Being anonymous allows me to write freely, showing-off my words and photos freely, not worrying about being judged, etc. I even switched off the visitor’s comment. No one can have a say in this blog, as this blog is my own space of free speech. People can hate me reading my words but too bad, this blog is my place. I won’t give them a chance to comment. I don’t have to care about readers who disagree with me.
Somehow along the way I violated my own principle for moment of vanity and I linked this blog to my facebook account. There are people that I care about. I care about how they judged me. I care about how I am being seen by the people that matter to me. It become no longer fun to show and update this blog for I know my words, thoughts and writing styles can be too blunt and raw to be desirable.
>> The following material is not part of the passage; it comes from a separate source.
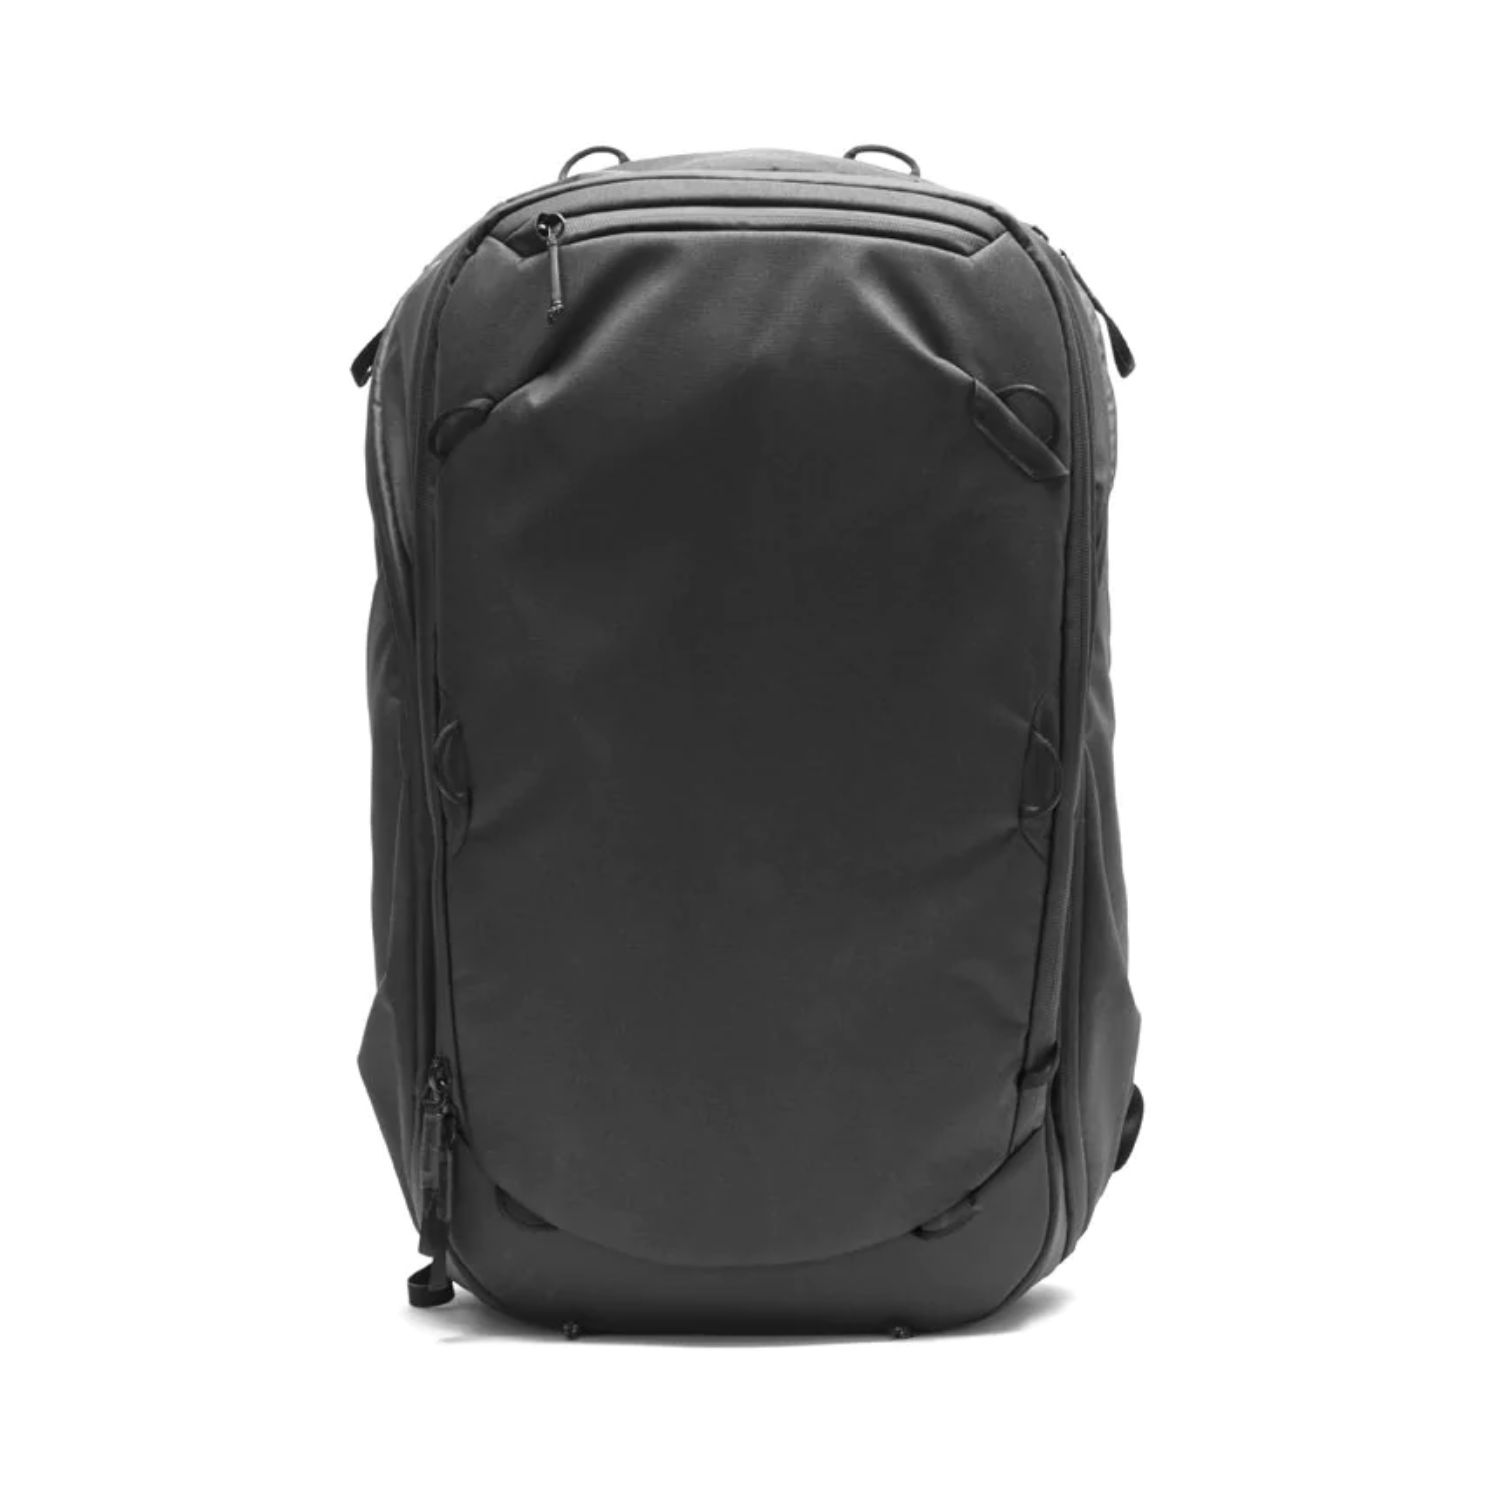 Peak design onebag travel

Same thing for FB. My friend list had bloated with so many so-so friends, colleagues and friends that matter that there is no longer fun to write about many issues in the posts. For every post I need to stop and think before I post. It has unconsciously become a tiring process of maintaining an online identity or, in a more accurate word, image. What makes it worst is my recent outburst of nostalgia posts.
Very embarrassing, but well, I asked for it. Hope I get back to normal soon.
I am cutting the link between my FB account and this blog. I still can write my opinions, but not on FB. Bye bye FB. I am removing my website info from FB too. A while later, nobody will remember I ever have a blog. This blog can remain as the outlet of my thoughts.
May be back to handwriting journal, but blog somehow is more fun with my many photos.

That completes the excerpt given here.